Just a brief introduction.
I am a newbie/novice to the CNC world, not 'green' as I have built a machine resembling something like the one from the MyDIYCNC site as an introduction to the hobby. It worked of sorts except when I attempted to cut a PCB. Unfortunately the axis drive & mechanics were too slack, had backlash, drivers too poor, missing steps, all of which which resulted in the 1mm wide tracks being reduced to zero. Not a good outcome for a PCB!!
Financial considerations have meant building on a budget.
The setup is:
4 axis stepper driver (TBA6550)
I have also played with the trial version of CamBam too.
When I started trying to fix the problems, a friend offered an engraving machine (table = 26" x 13") without the engraving head/ Z axis components at a very reasonable price which I couldn't and didn't refuse.
So the current project is to build a new Z axis system with an 800W water cooled spindle + VFD
I have come up with a design and I have started cutting parts. 1 down, loads to go.
As a newbie I mainly lurk on sites like this as I do not have the experience or skills to add any comment which will be of any real value to anyone else.
Hi Barry welcome,
Originally Posted by philcobt
Yes you do have experience and obviously some skills as you have designed and cutting parts now. This does have some value to those who are lurking with Zero experience and what they now believe are no skills. But like you this will change if or when they take the plunge and they will develope skills along with experience and enjoy every minute of it I hope. So YES mate your input is very important and of great value as it shows you don't need to be Guy Martin and have workshop full of tools to have a go.
This comment below shows it worked and you succeeded in your goal which is the main thing.!!
The fact it was bit sloppy is the learning curve but of "most importance" is the fact you were brave enough to admit this, which has great value as well. Lots of first attempt machines get scrapped and nobody ever see's this only the 2nd or 3rd attemps ever get seen.
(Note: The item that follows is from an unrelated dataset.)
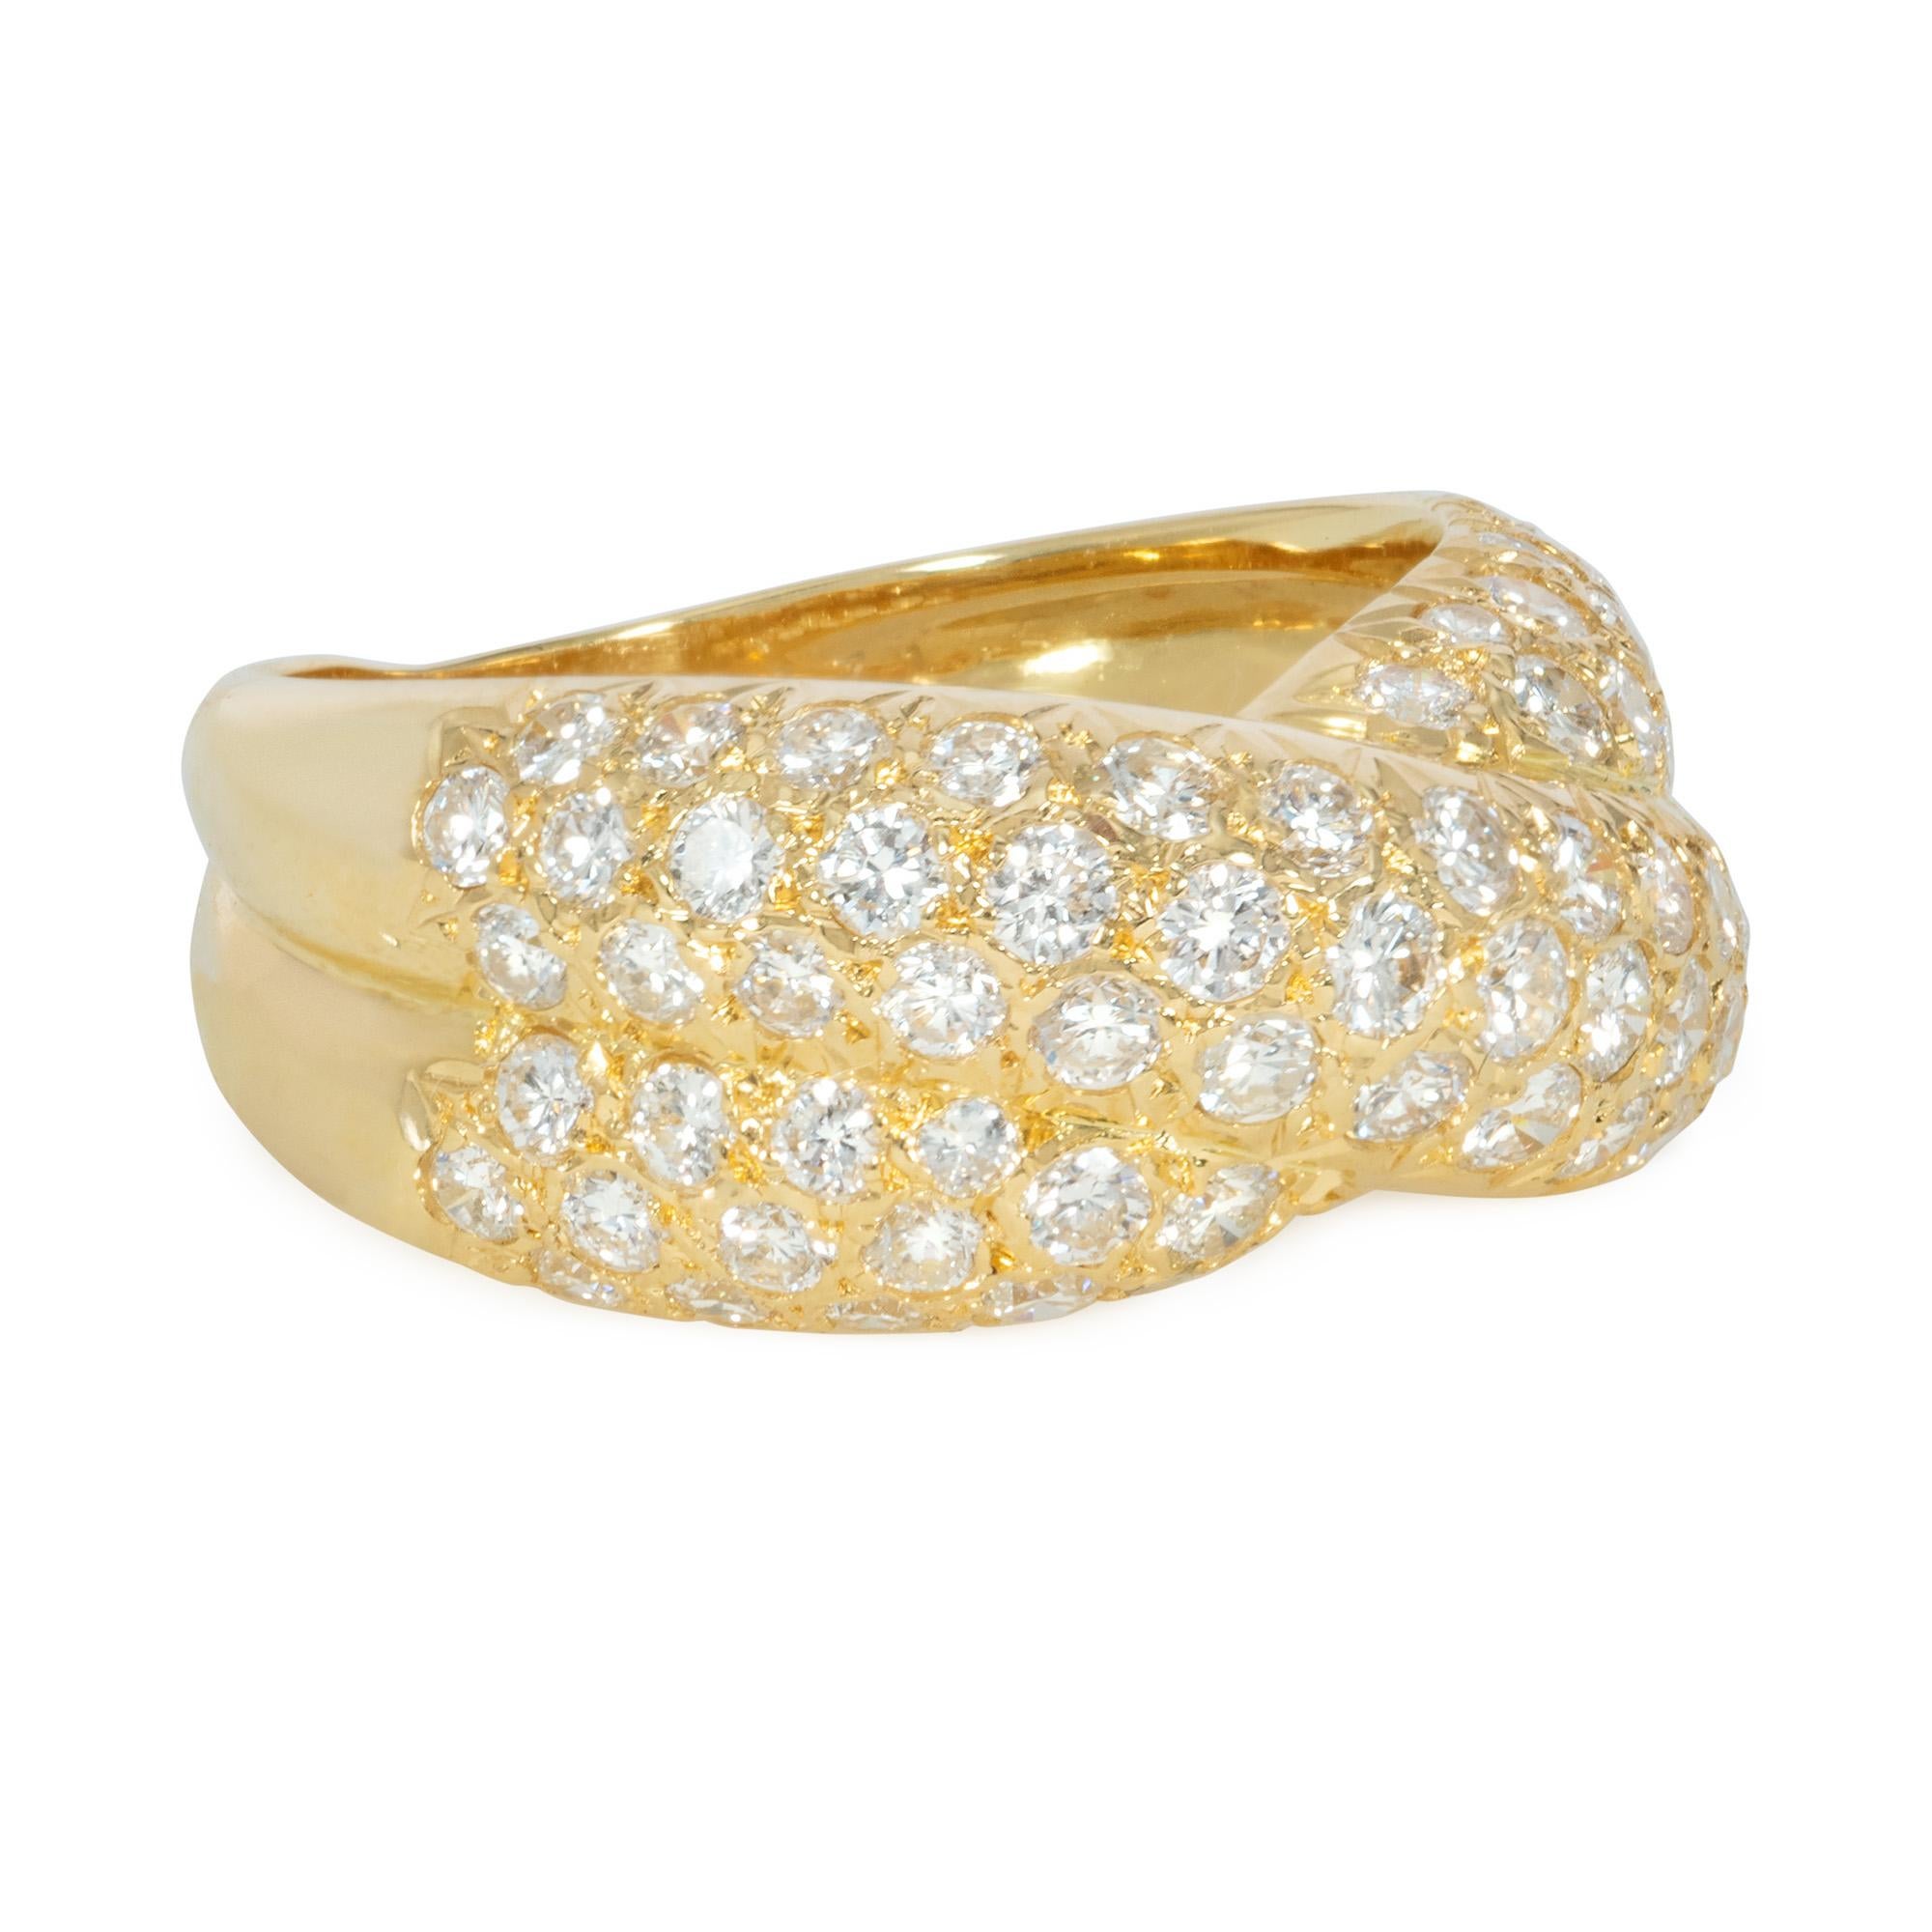 Bague en or et diamants pavés en forme de turban ou de croisée, en 18k. Van Cleef & Arpels, Paris.  Numéroté C5161 A14171.  Atw 1.71 cts.  Largeur : 9mm

Taille actuelle : 6,5 ; la taille peut être réduite à l'aide d'un ressort fixé à l'intérieur de

So you showing that it's do-able but still needs some attention to detail regards components used is off great value because it will show those lurking that cutting corners is a recipe for poor performance and hopefully save someone wasting money and lead them to a better machine.
This is truely Valuable and experience at work.!! . . . . . So well done you and hope the new machine works well.
Originally Posted by philcobt
Last edited by JAZZCNC; 19-10-2014 at 09:25 AM.
Thanks for the welcome and your comments. Fair point to most.
I certainly agree that it's a learning curve and a steep one at times but it did convince me that the effort is worth while. I'm still going & haven't given up yet.
I suppose the biggest problem I had was that using recycled stepper motors of unspecified characteristics. That threw a huge spanner into the works. Trying to get the settings in some sort of working fashion by trial & error caused many headaches with the driver box from China. Lots of unknowns all contributing to the confusion.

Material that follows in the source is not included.